Ethereum steht weiterhin unter starkem Druck und kämpft darum, sich über der Marke von $2.300 zu halten, während der Verkaufsdruck den breiteren Kryptomarkt dominiert. Nach Wochen einer schwachen Struktur hat die Kursentwicklung es nicht geschafft, nachhaltige Nachfrage zu generieren, was viele Analysten dazu veranlasst, vor weiteren Abwärtsbewegungen zu warnen. Da die Risikobereitschaft schwindet und Hebelpositionen abgebaut werden, richtet sich die Aufmerksamkeit zunehmend von kurzfristigen Erholungen auf Signale, die die nächste Phase des Zyklus definieren könnten.

Ein aktueller Bericht von CryptoQuant hebt eine bemerkenswerte Entwicklung im Netzwerk hervor. Die Anzahl der Ethereum-Transaktionen, geglättet durch einen 14-tägigen einfachen gleitenden Durchschnitt, stieg am 29. Januar 2026 sprunghaft auf etwa 1,17 Millionen an. Dieser abrupte und nahezu vertikale Anstieg der Aktivität hebt sich von den jüngsten Trends ab und fiel in der Vergangenheit oft mit Phasen erhöhter Marktbelastung zusammen, anstatt mit organischem Wachstum.

Während erhöhte Netzwerkaktivität oft mit Adoption in Verbindung gebracht wird, treten solch starke Anstiege in der Regel in Momenten extremer Positionierung auf – entweder bei Verteilung in Stärke oder bei erzwungenen Bewegungen während Volatilität. In früheren Zyklen traten ähnliche Anstiege der Transaktionsanzahl in der Nähe wichtiger Wendepunkte auf und gingen oft bedeutenden Kurskorrekturen voraus.

Da Ethereum sich in der Nähe von Mehrmonatstiefs bewegt, wirft dieser Anstieg eine kritische Frage für Investoren auf: Spiegelt der Anstieg der On-Chain-Aktivität eine defensive Neupositionierung vor einem weiteren Rückgang wider, oder ist es die letzte Phase eines breiteren Resets? Die Antwort könnte bestimmen, ob sich ETH stabilisiert oder seinen Rückgang fortsetzt.
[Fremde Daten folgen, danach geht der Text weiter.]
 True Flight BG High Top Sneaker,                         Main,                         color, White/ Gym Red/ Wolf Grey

Transaktionsanstiege spiegeln frühere Wendepunkte im Zyklus wider

Der Bericht erklärt, dass ein retrospektiver Blick auf die Transaktionsanzahl von Ethereum ein wiederkehrendes und warnendes Muster offenbart. Anstiege von der jüngst beobachteten Größenordnung traten nur an wenigen kritischen Wendepunkten in der Geschichte des Netzwerks auf. Am 18. Januar 2018 markierte ein starker Anstieg der Transaktionen den Höhepunkt des Zyklus, gefolgt von einem langen Bärenmarkt. Ein ähnliches Ereignis ereignete sich am 19. Mai 2021, als ein plötzlicher Anstieg der Netzwerkaktivität mit einem großen Marktabsturz und einer tiefen Kurskorrektur zusammenfiel.
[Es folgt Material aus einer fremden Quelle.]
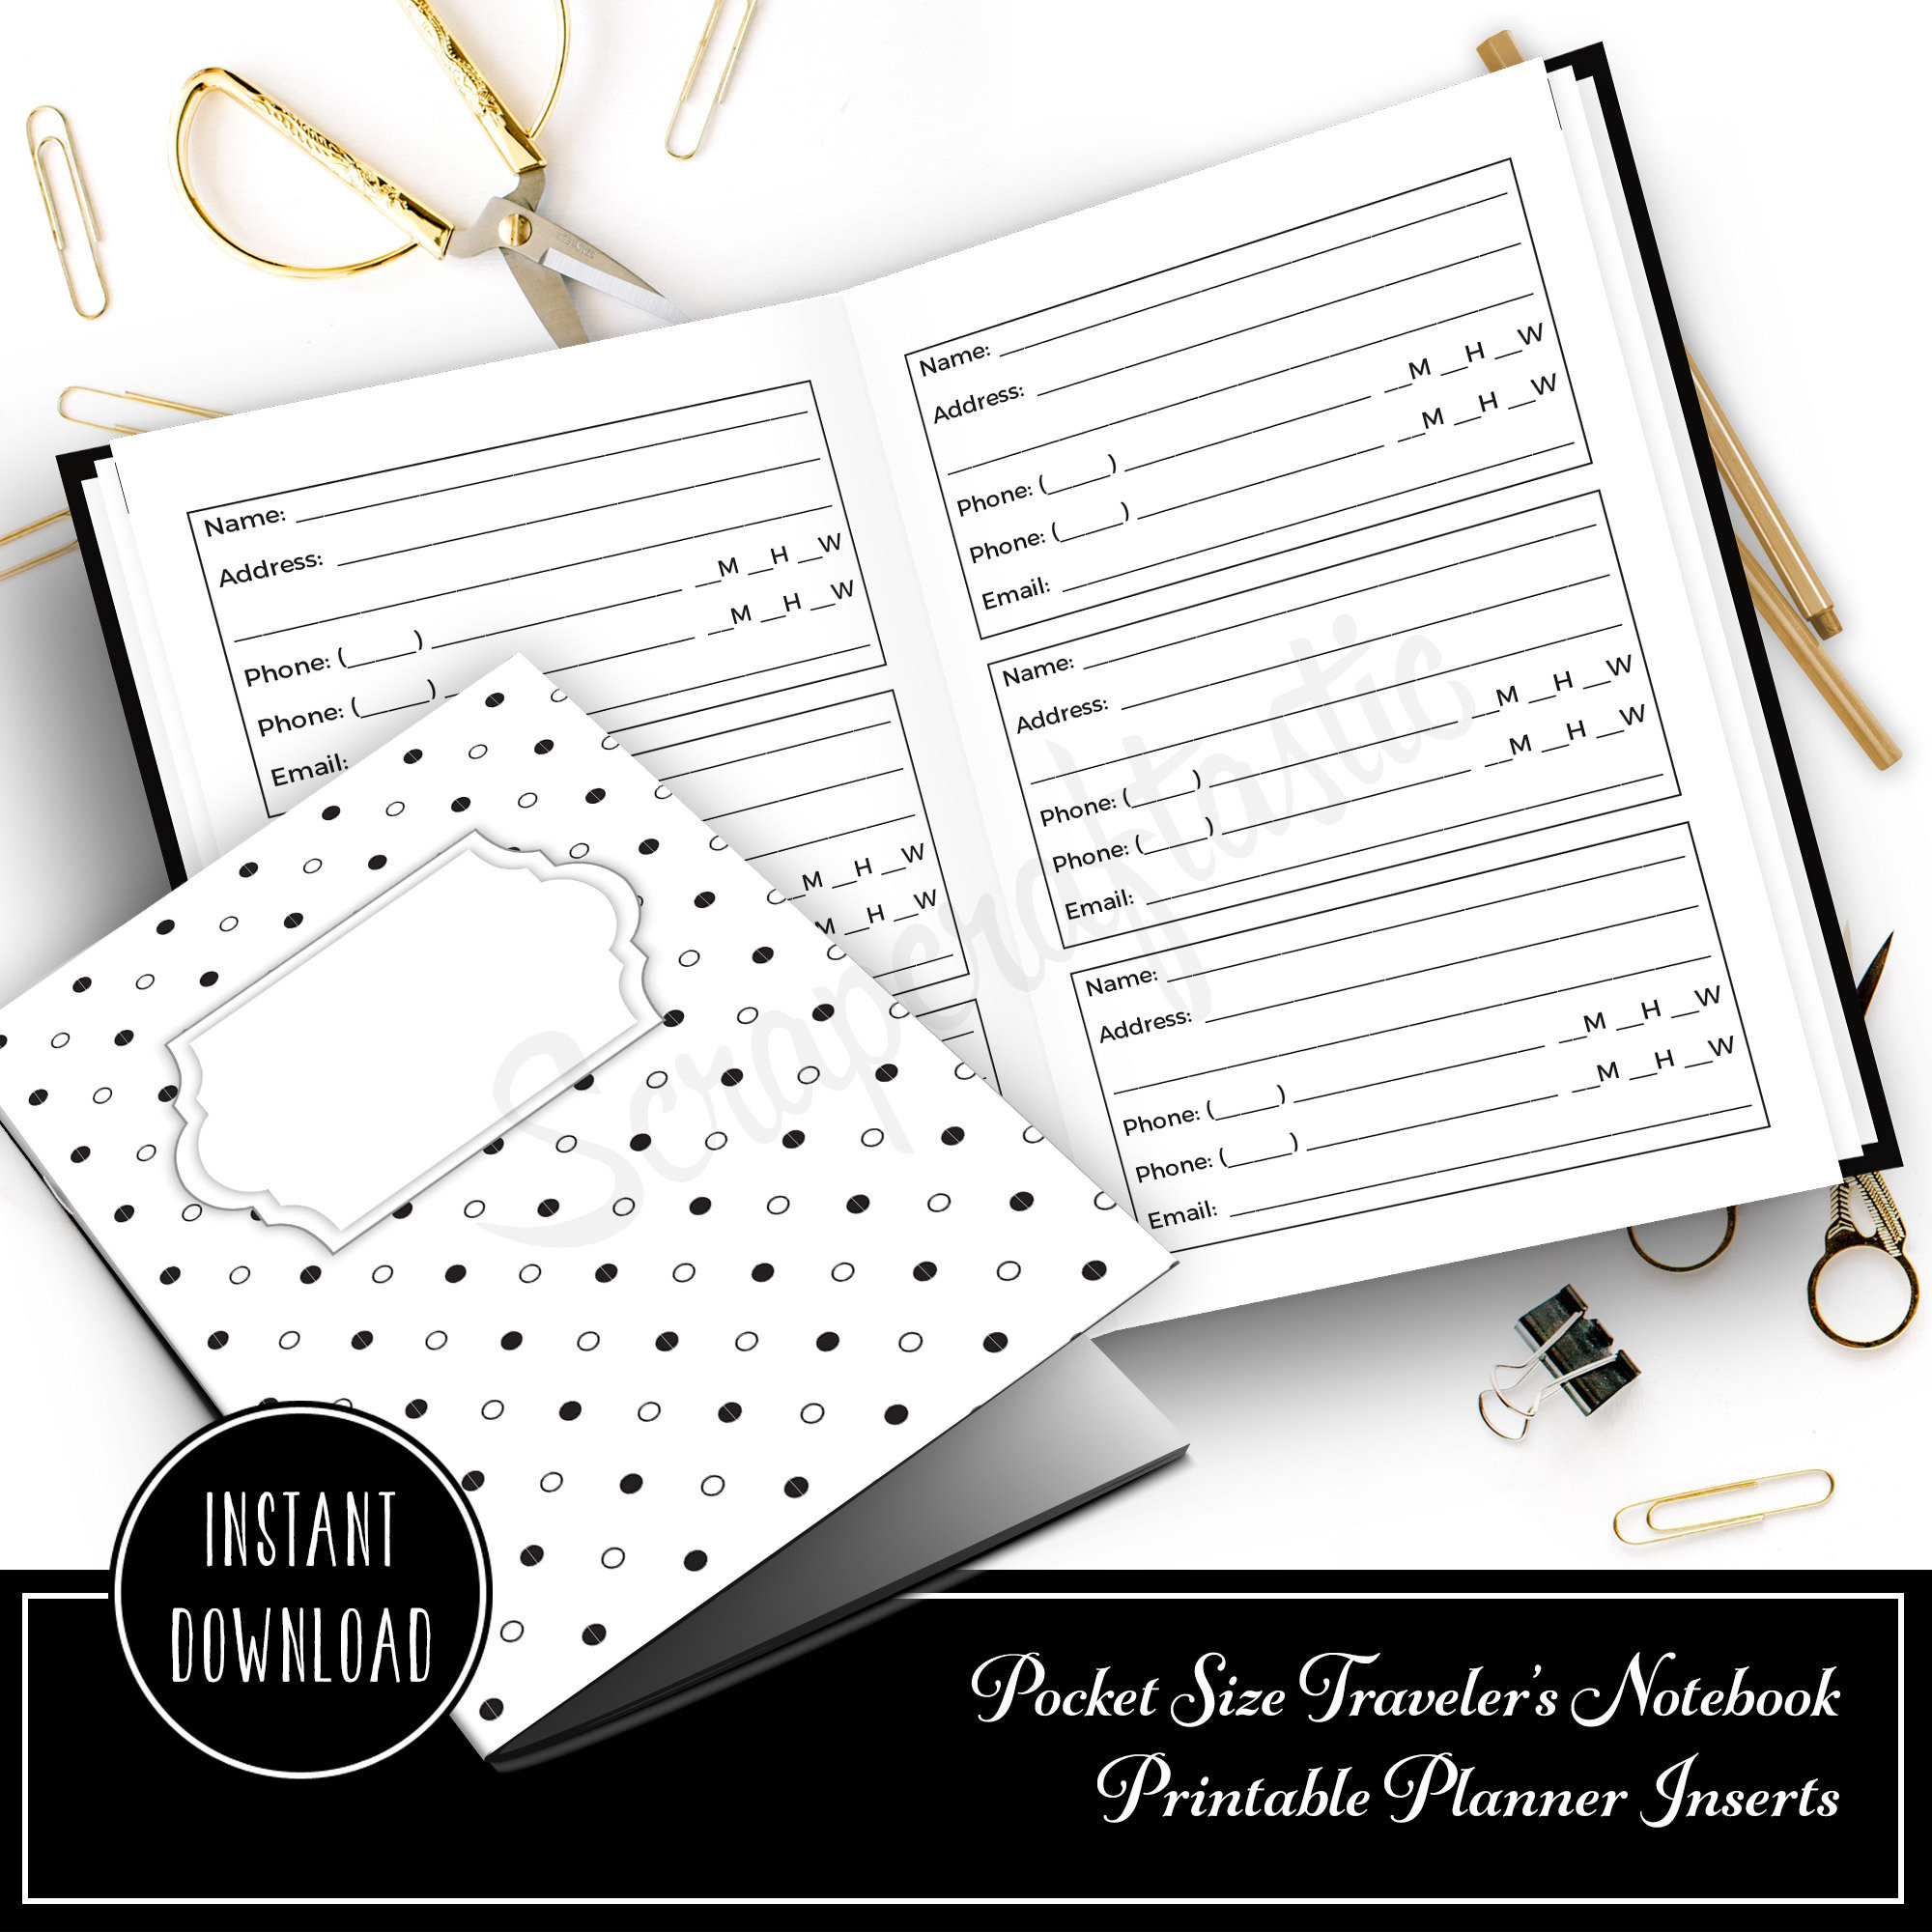 Address and Phone Log Pocket Size Traveler's Notebook Printable Planner Inserts 10019

Aus einer On-Chain-Perspektive ist dieser Kontext wichtig. Während Analysten steigende Netzwerkaktivität oft mit wachsender Adoption in Verbindung bringen, signalisiert ein parabolischer Anstieg der Transaktionszahlen in der Nähe von Kursspitzen typischerweise einen überhitzten Markt. Diese Anstiege treten in der Regel in Momenten extremer Belastung oder Euphorie auf, wenn große Mengen an Vermögenswerten gleichzeitig bewegt werden.

In der Praxis kann dies eine Verteilung widerspiegeln, da langfristige Inhaber oder institutionelle Teilnehmer Gelder zu Börsen bewegen, um Gewinne zu realisieren oder bei Spitzenvolatilität, wo die Handelsaktivität ihren Höhepunkt erreicht, bevor sich der Schwung umkehrt.

Das aktuelle Setup ähnelt stark diesen früheren Episoden. Obwohl sich das breitere makroökonomische Umfeld seit 2018 und 2021 verändert hat, scheint das Verhalten der Netzwerkteilnehmer bemerkenswert ähnlich zu sein. Wenn sich historische Muster halten, könnte Ethereum in eine Hochrisikozone eintreten, in der die Wahrscheinlichkeit weiterer Abwärtsbewegungen steigt. Folglich müssen Händler und Investoren Vorsicht walten lassen und Bestätigungssignale genau beobachten, bevor sie davon ausgehen, dass Stabilität eingekehrt ist.

Bärische Wochenstruktur signalisiert anhaltendes Abwärtsrisiko

Das Wochenchart von Ethereum zeigt einen Markt, der sich entschieden von Expansion zu Verteilung verschoben hat. Der Preis kämpft nun darum, sich zu stabilisieren, nachdem er die Unterstützungszone von $2.300–$2.400 verloren hat. Der jüngste Rückgang drückte ETH zurück in den Bereich von $2.200, ein Niveau, das zuvor während früherer Konsolidierungsphasen in 2024 und Mitte 2025 als Drehpunkt fungierte. Die Unfähigkeit, sich über dieser Zone zu halten, verstärkt die Idee, dass Verkäufer auf höheren Zeitebenen die Kontrolle behalten.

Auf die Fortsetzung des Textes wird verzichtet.